In the main body of this article I use the research results to roughly predict how often wind power will cover all the UK’s needs by 2035, displacing all other forms of generation, including nuclear. This is an amateur example of how the Staffell and Pfenninger tools can be used.
What do the results mean for the UK?
Staffell and Pfenninger have counted the capacity of new wind farms now under construction or at some point in the UK planning process. They indicate that within twenty years the country could have up to 42.3 gigawatts (GW) of turbines. (The figure today is about 13 GW, including those not connected to the main transmission grid).
42.3 GW working at a capacity factor of 39.4% will provide about 146 Terawatt hours (TWh) of electricity. This is about 40% of the UK’s total need at present. National demand has been generally falling in recent years as a result of energy efficiency. This may continue, particularly as LED lighting replaces halogens and other types of bulbs. But new demands for power for charging cars and heating homes using heat pumps may stabilise the downward trend and will, in all probability, cause power needs to start to rise by the middle of the next decade. But 146 TWh will still provide a large fraction of total national requirements.

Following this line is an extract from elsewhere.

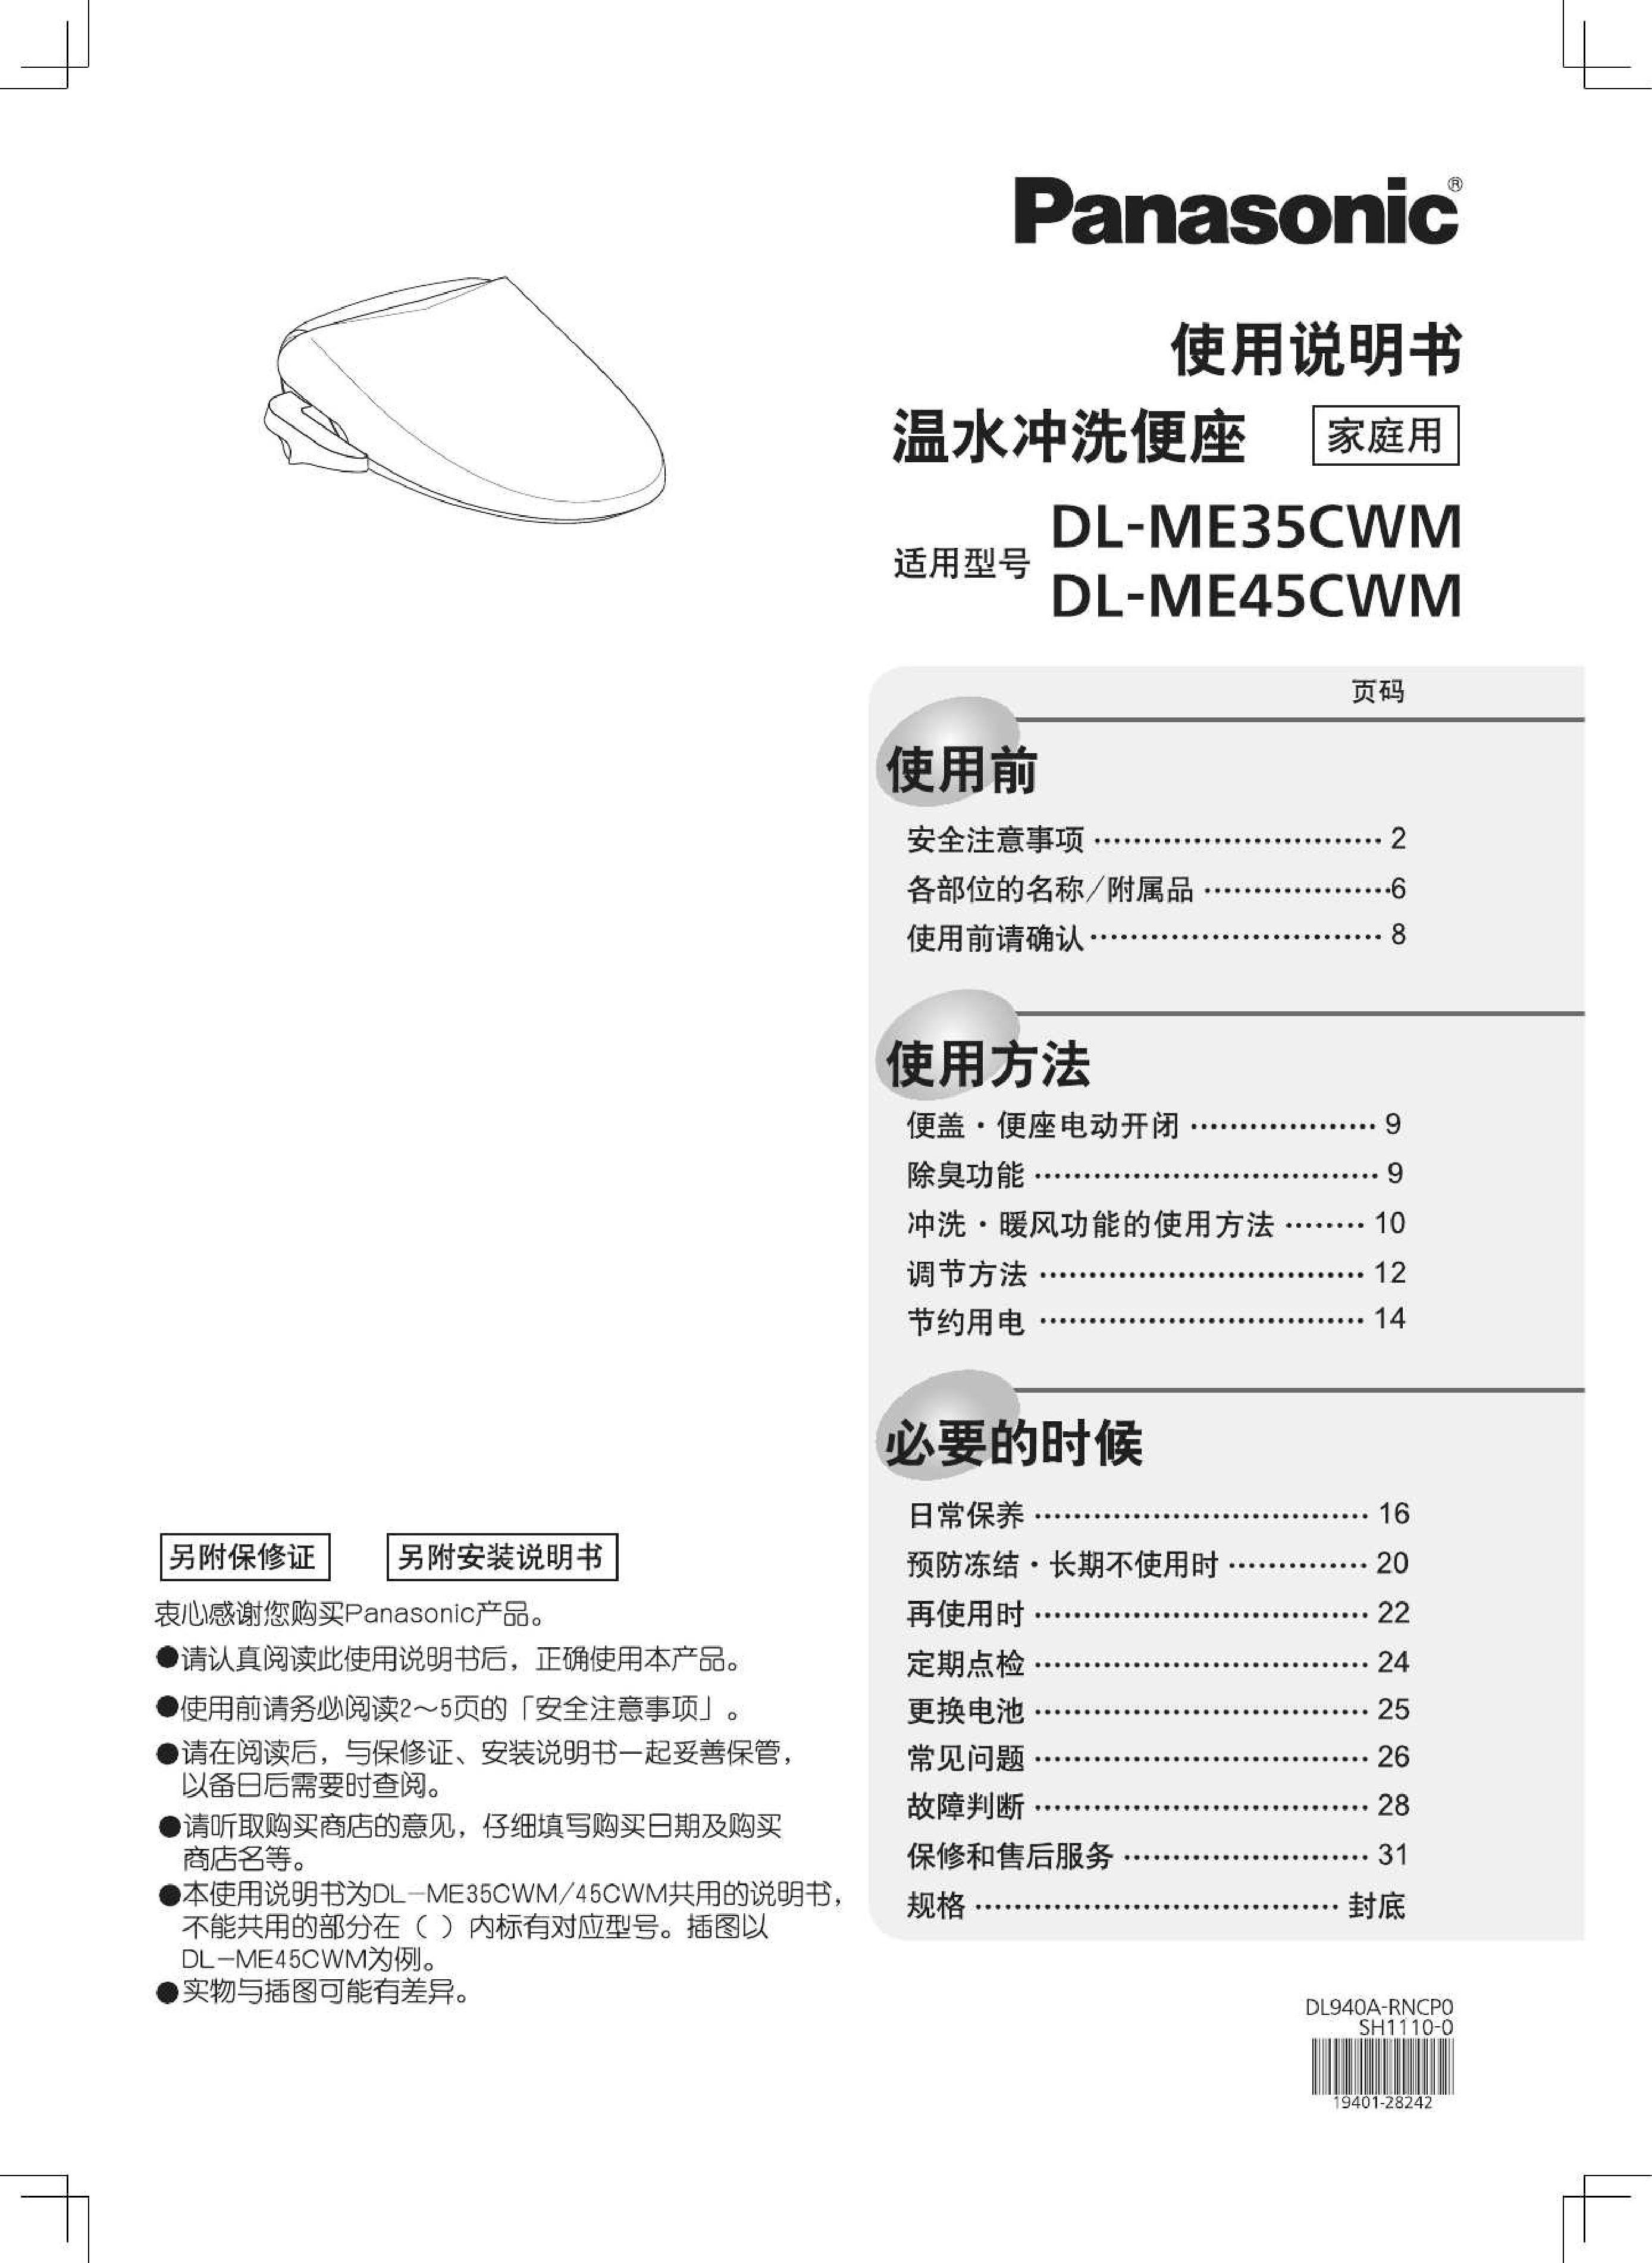 松下 Panasonic DL-ME35CWM 使用说明书 封面
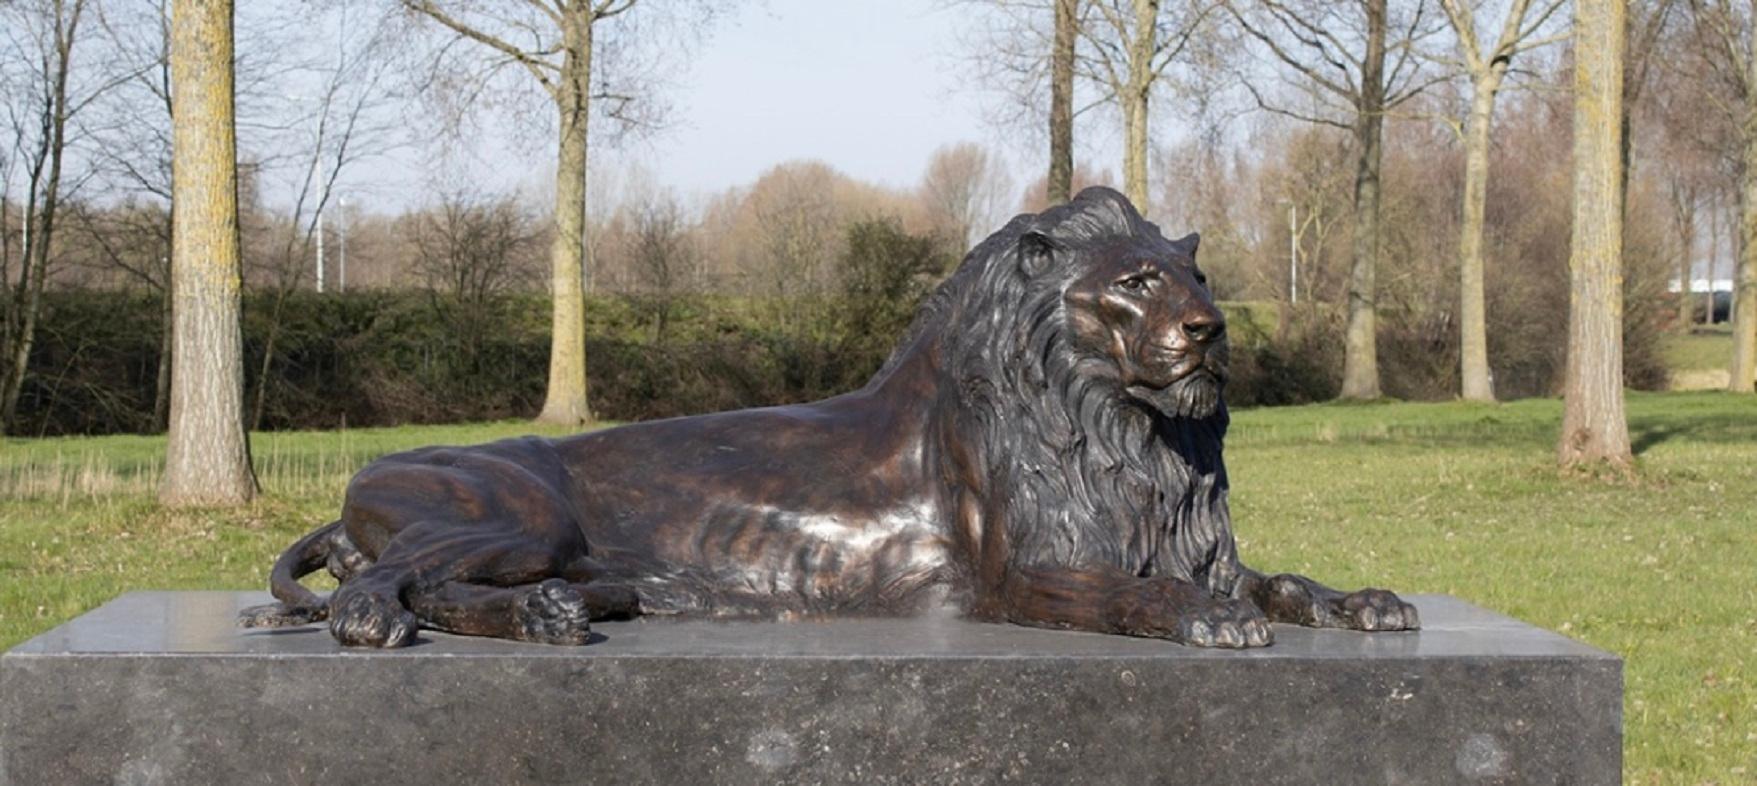 Figurative Sculpture Chris Tap - Sculpture de lion couché sur duvet en bronze - Grande statue - Réalisme néerlandais

More specifically, what does greater wind output imply for other sources of electricity generation in the UK?
The electricity generated varies from almost nothing up to a maximum of about 90% of the rated capacity of wind farms. To some extent, the swings are predictable. We know that atmospheric conditions can mean one storm after another charging in from the Atlantic separated by four or five days. We also recognise that winter wind speeds are higher than those in July. Late autumn is surprisingly good. However conditions still vary dramatically from week to week, a fact that opponents of wind turbines focus upon.
Staffell and Pfenninger’s paper provides some extremely valuable new data on the daily and monthly variability of wind in the UK and other countries. It shows, for example, that typical wind speeds are roughly the same across all 24 hours in winter but that summer months see a peak in late afternoon. (All their research is now freely available online, along with their modelling tools. I cannot stress enough how useful this will be to researchers and policy planners).
In the work below. I use their estimates of the capacity factor achieved by UK wind farms during the windiest 5% of the time. At the moment, this figure is 68% of maximum capacity. (Put another way, for five percent of the time each year, UK wind farms are producing at least 68% of their rated maximum output).
I have used, of course, different figures for each season for capacity factors because it is windier in winter and autumn. Winter is assumed in my rough analysis to see a capacity factor of 80% for the windiest 5% of the time in 2035, autumn is 75%, spring is 60% and summer 50%. These numbers are guesses but based on the averages in the Staffell/Pfenninger paper. They are unlikely to be significantly wrong. (Seasons are Months 12,1,2, Months 3,4,5, Months 6,7,8 and Months 9, 10 and 11).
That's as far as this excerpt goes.